We are called to pursue the vision of a new heaven and a new earth in which all living creatures can rejoice, where the tree of life bears fruit and foliage for the healing of the nations, where the water of life flows pure and bright through the city for all who thirst. In the face of a global crisis of climate change, it is tempting to lose our hope, to be overwhelmed, to have our arms fall to our sides and say, “It’s too much, what’s the point?”
And yet… in the face of 5,000 hungry souls, in the middle of nowhere, a little boy brought five loaves and two fish, and all were fed. In the face of a wedding feast running out of wine, water was transformed. In the face of a giant named Goliath, David shed the armour and went into the valley with a sling and five smooth stones. And in the face of an uncertain future, Mary said yes to the Angel Gabriel.

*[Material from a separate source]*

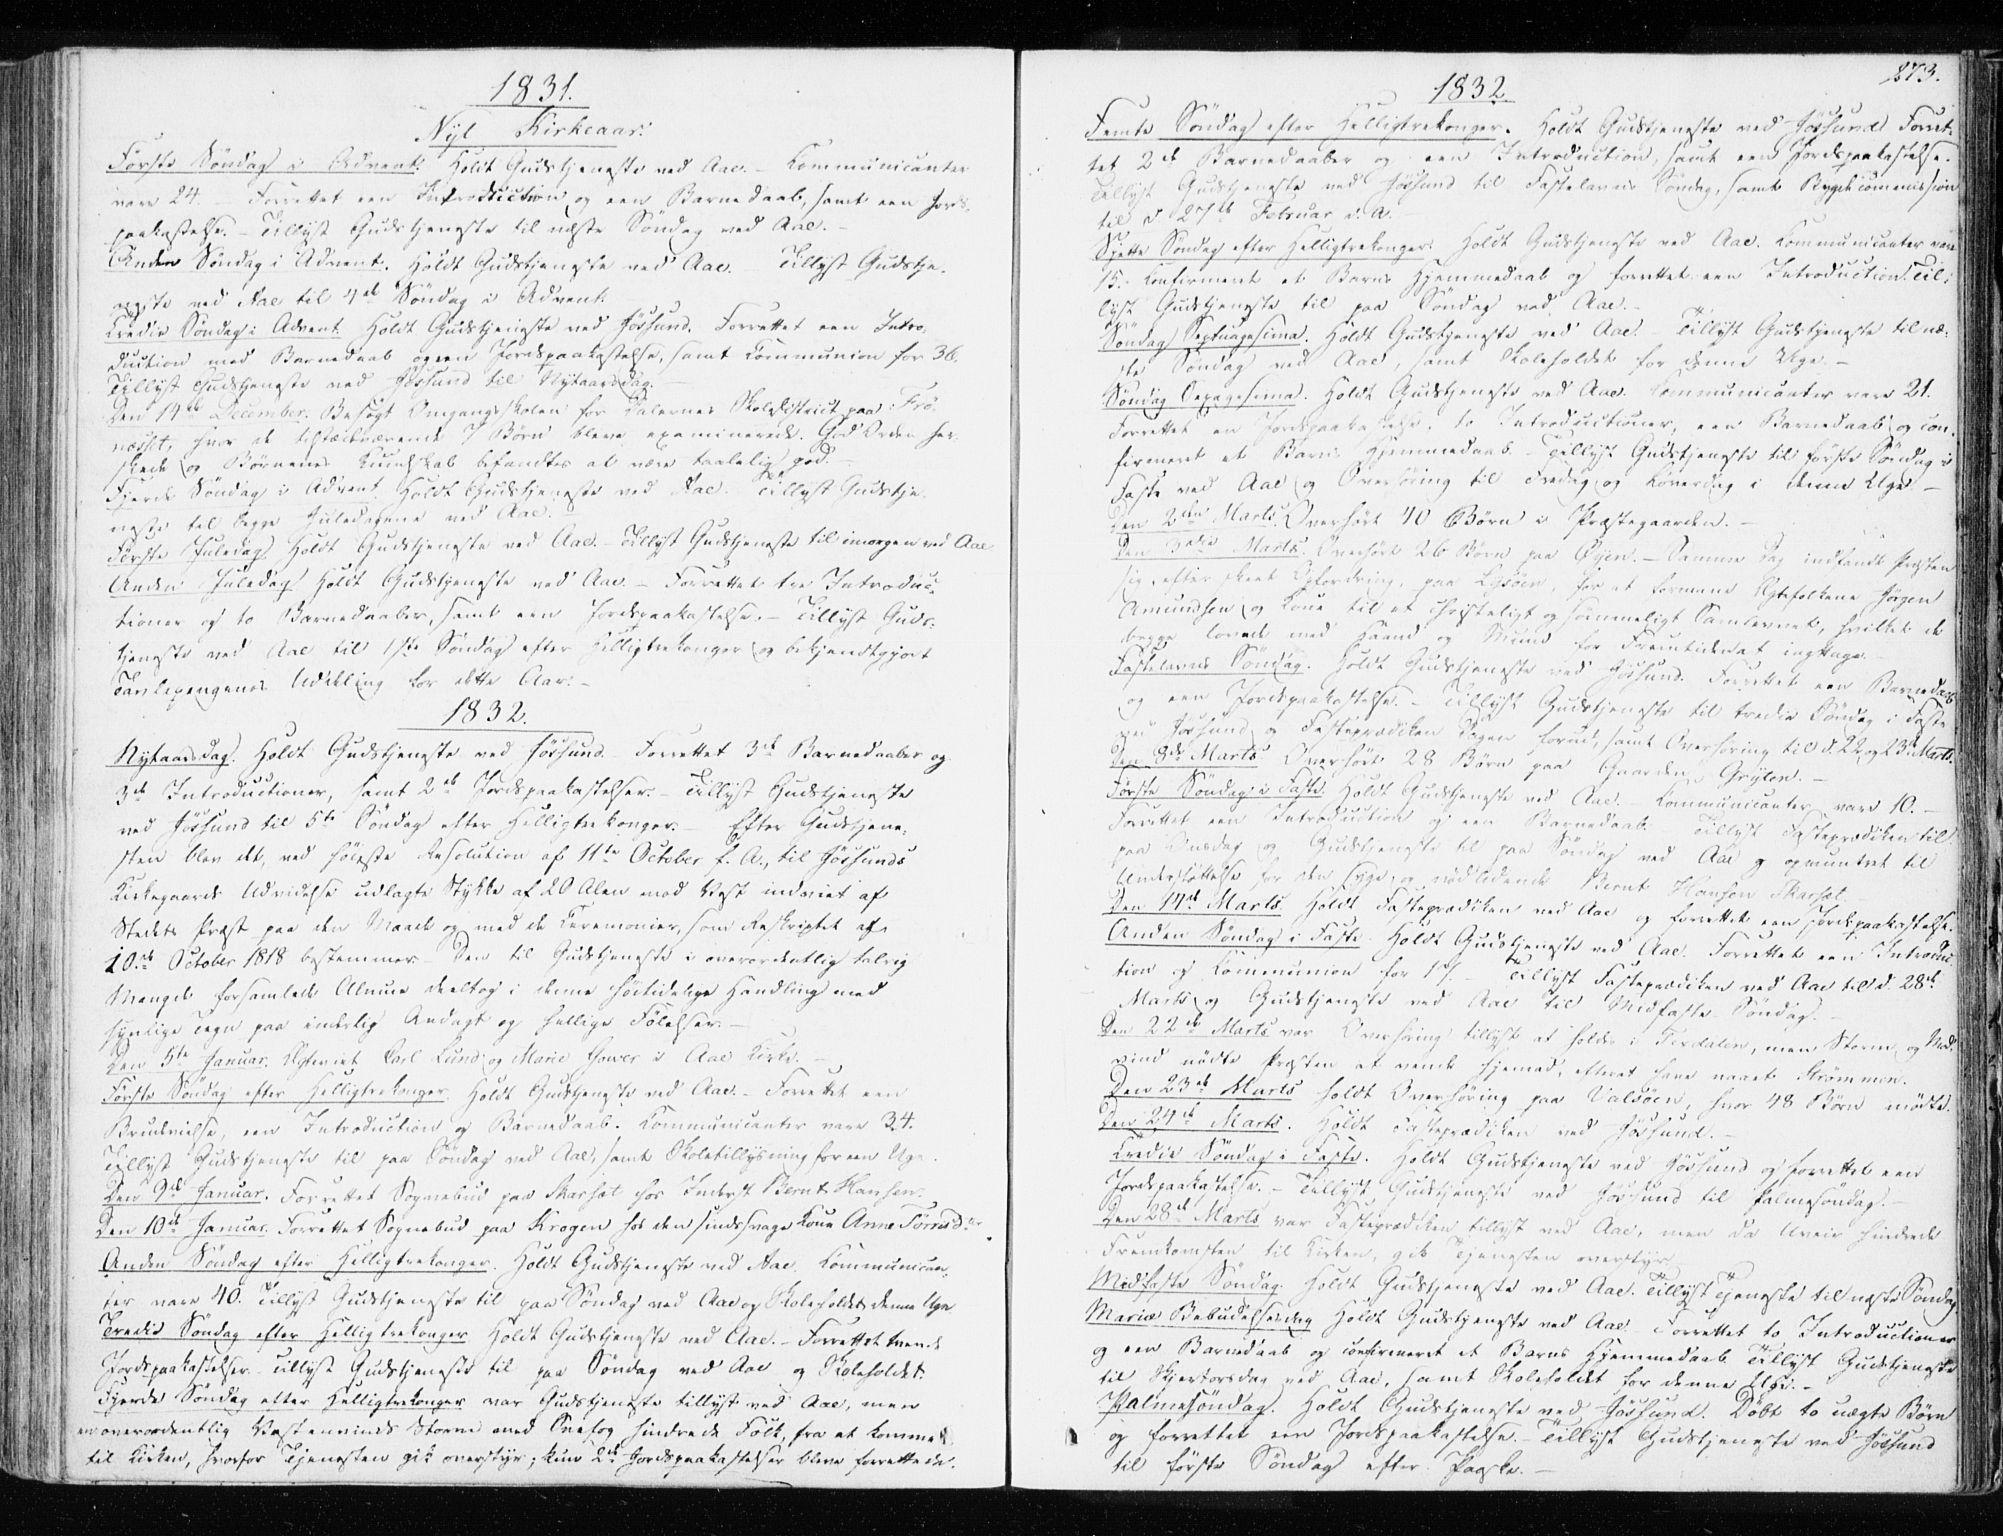 SAT, Ministerialprotokoller, klokkerbøker og fødselsregistre - Sør-Trøndelag, 655/L0676: Ministerialbok nr. 655A05, 1830-1847, s. 273

It begins with a few small steps, and I invite you – no, I urge you – to do two things. One: Christians around the world are invited to give particular attention to praying and caring for God’s creation as part of the global Season of Creation, observed from Creation Sunday on September the 1st to St. Francis of Assisi Day on October the 4th. This season gives us all an opportunity to lament and to confess, and to pray and to give thanks, to re-commit and to act as faithful stewards of creation. I invite your congregation to join Christians around the globe to immerse yourselves in the time of prayer and reflection, and to make it a part of your yearly liturgical life.
Second: Our diocesan Creation Matters committee is being re-established as a Bishop’s Committee, accountable directly to me, with the mandate to help us as a Diocese to find our voice, to use our minds, our hearts and our souls to move to greater accountability and care for creation in everything we do. I invite you this year as a congregation, during this Season of Creation and beyond, to consider how you can respond to God’s call for us. What is one new thing that you can do for the love of creation? One thing that you can stop doing to help lift the burden, or, one thing you can start doing for the love of life?
As Psalm 96 reminds us, “Let the heavens be glad, and let the earth rejoice; let the sea roar, and all that fills it; let the field exult, and everything in it. Then shall all the trees of the forest sing for joy before the Lord, for he is coming.”